With continued reference to fig. 9, fig. 9 is a schematic diagram of an encoding process of an encoder in the time series data processing model according to the embodiment of the present invention, in which x1 passes through self-attention to reach a state z1, the tensor passing through self-attention needs to go through a residual error network and a latex Norm, and then the tensor passes through a fully connected feed-forward network, and the feed-forward network needs to perform the same operation, and perform residual error processing and normalization. The tensor which is finally output can enter the next encoder, then the iteration is carried out for 6 times, and the result of the iteration processing enters the decoder.

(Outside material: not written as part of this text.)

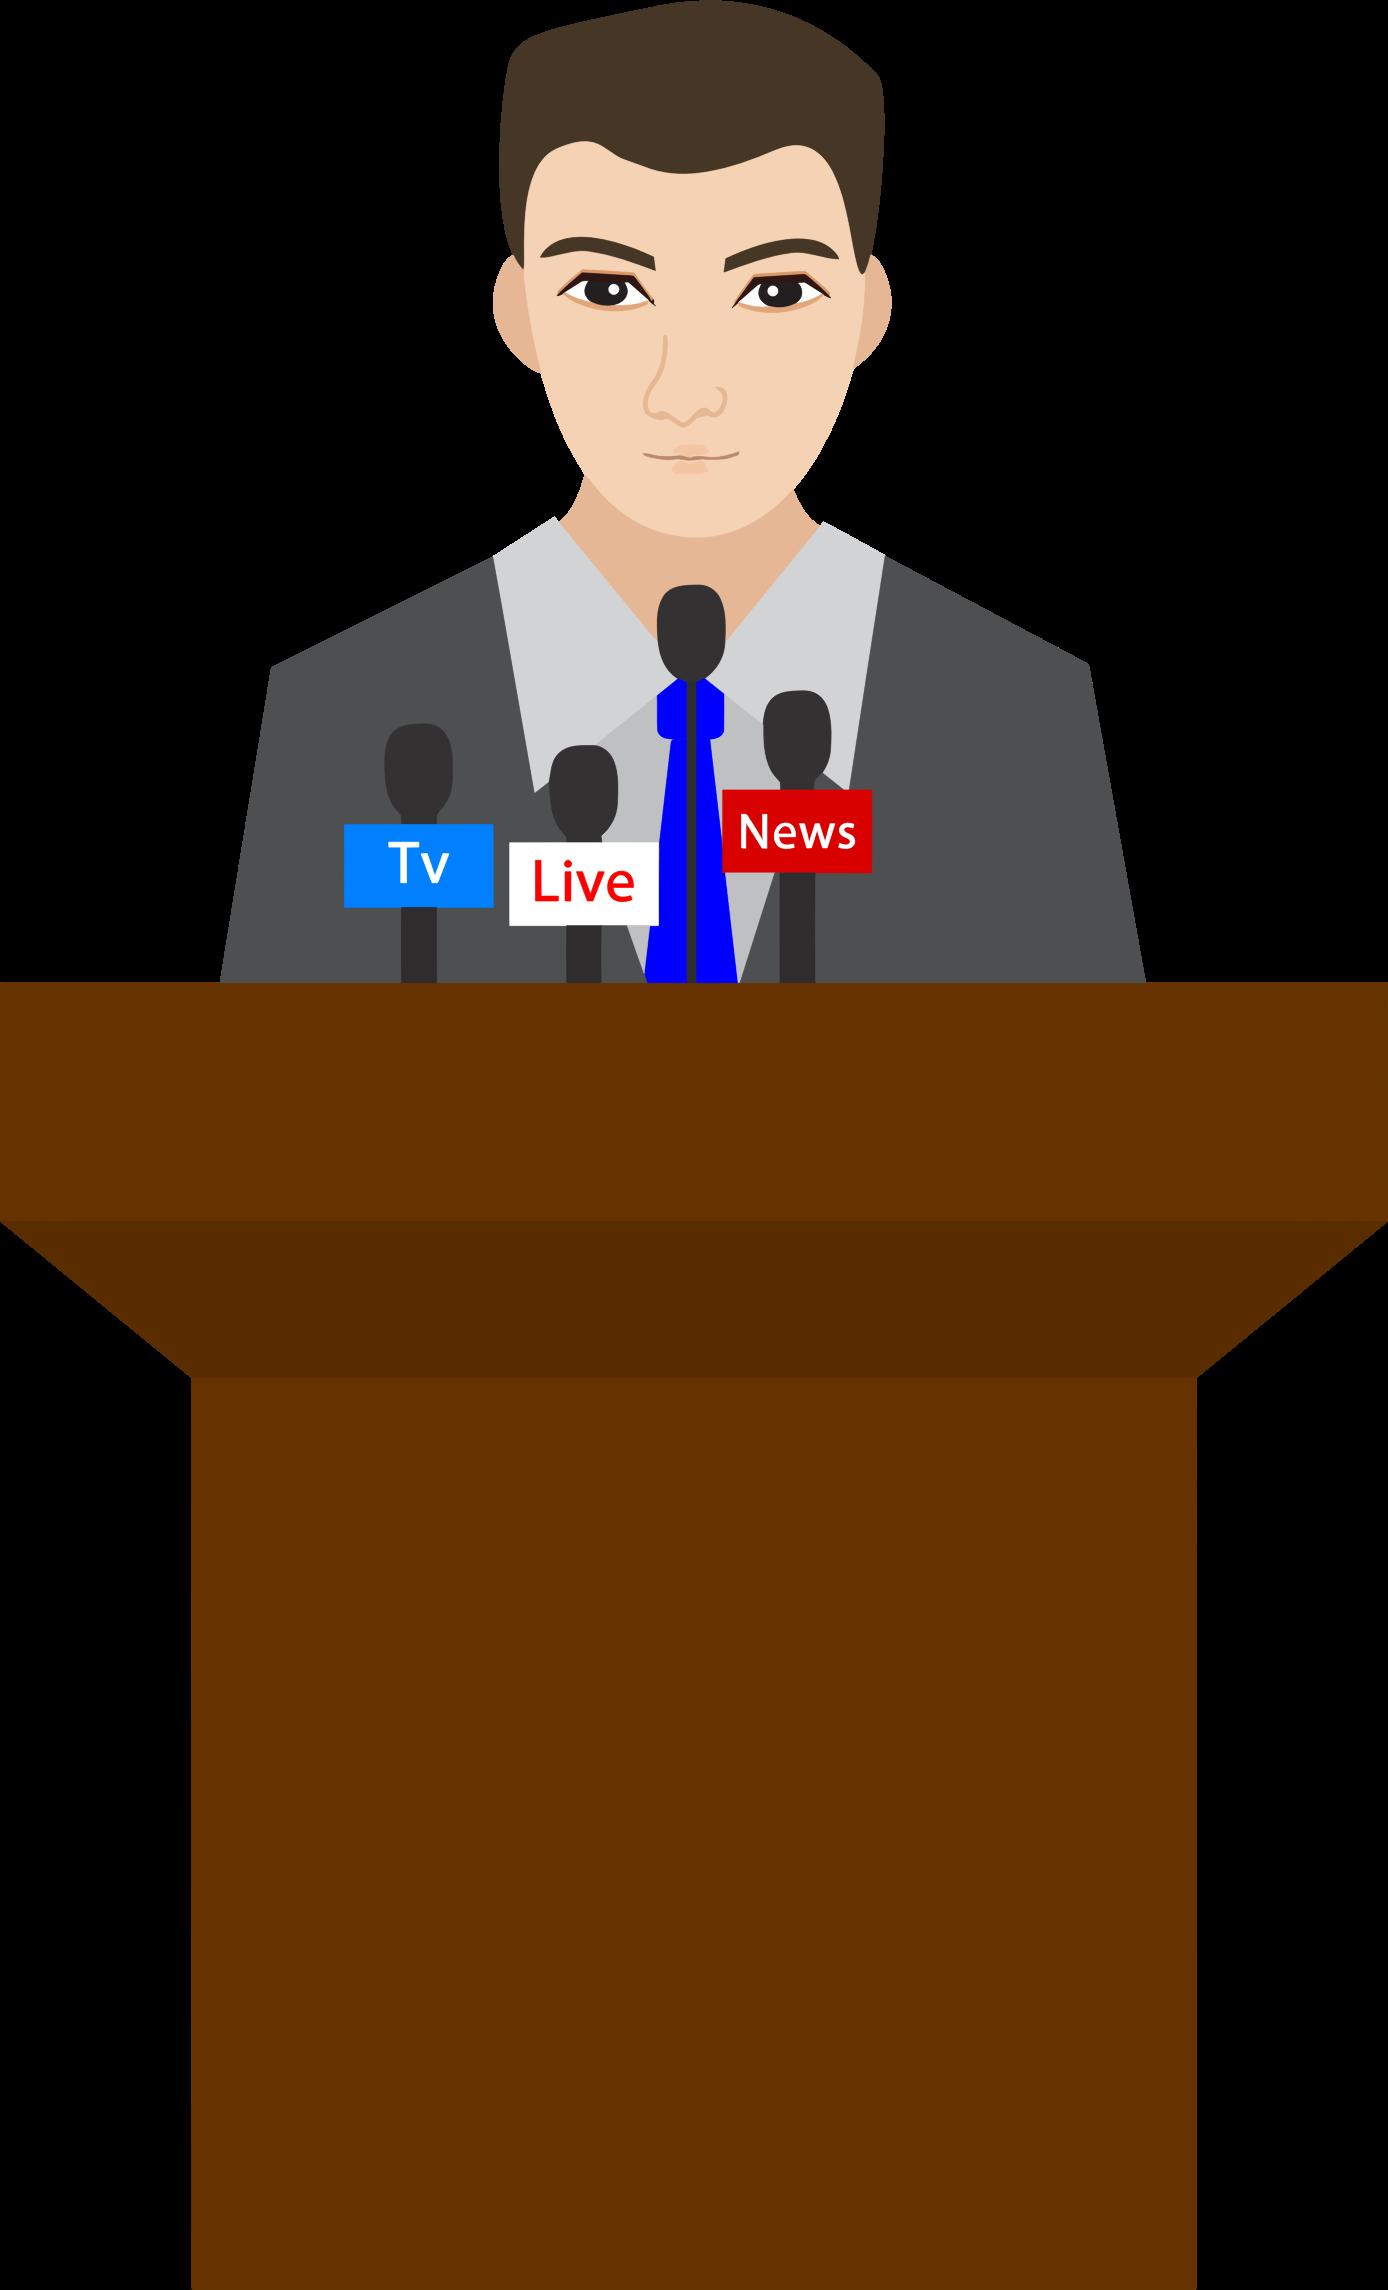 Microphone clipart podium. Man big image png

With continuing reference to fig. 10, fig. 10 is a schematic diagram of a decoding process of a decoder in the time series data processing model according to the embodiment of the present invention, wherein the input and output of the decoder and the decoding process are as follows:
and (3) outputting: probability distribution of output words corresponding to the i position;
inputting: output of encoder & output of corresponding i-1 position decoder. So the middle atttion is not self-atttion, its K, V comes from encoder and Q comes from the output of the decoder at the last position.
With continuing reference to fig. 11 and 12, fig. 11 is a schematic diagram illustrating a decoding process of a decoder in a time series data processing model according to an embodiment of the present invention, wherein a vector output by a last decoder of a decoder network passes through a Linear layer and a softmax layer. Fig. 12 is a schematic diagram of a decoding process of a decoder in a time series data processing model in an embodiment of the present invention, where the Linear layer is used to map a vector from the decoder portion into a logits vector, and then the softmax layer converts the logits vector into a probability value according to the logits vector, and finally finds a position of a maximum probability value, so as to complete output of the decoder.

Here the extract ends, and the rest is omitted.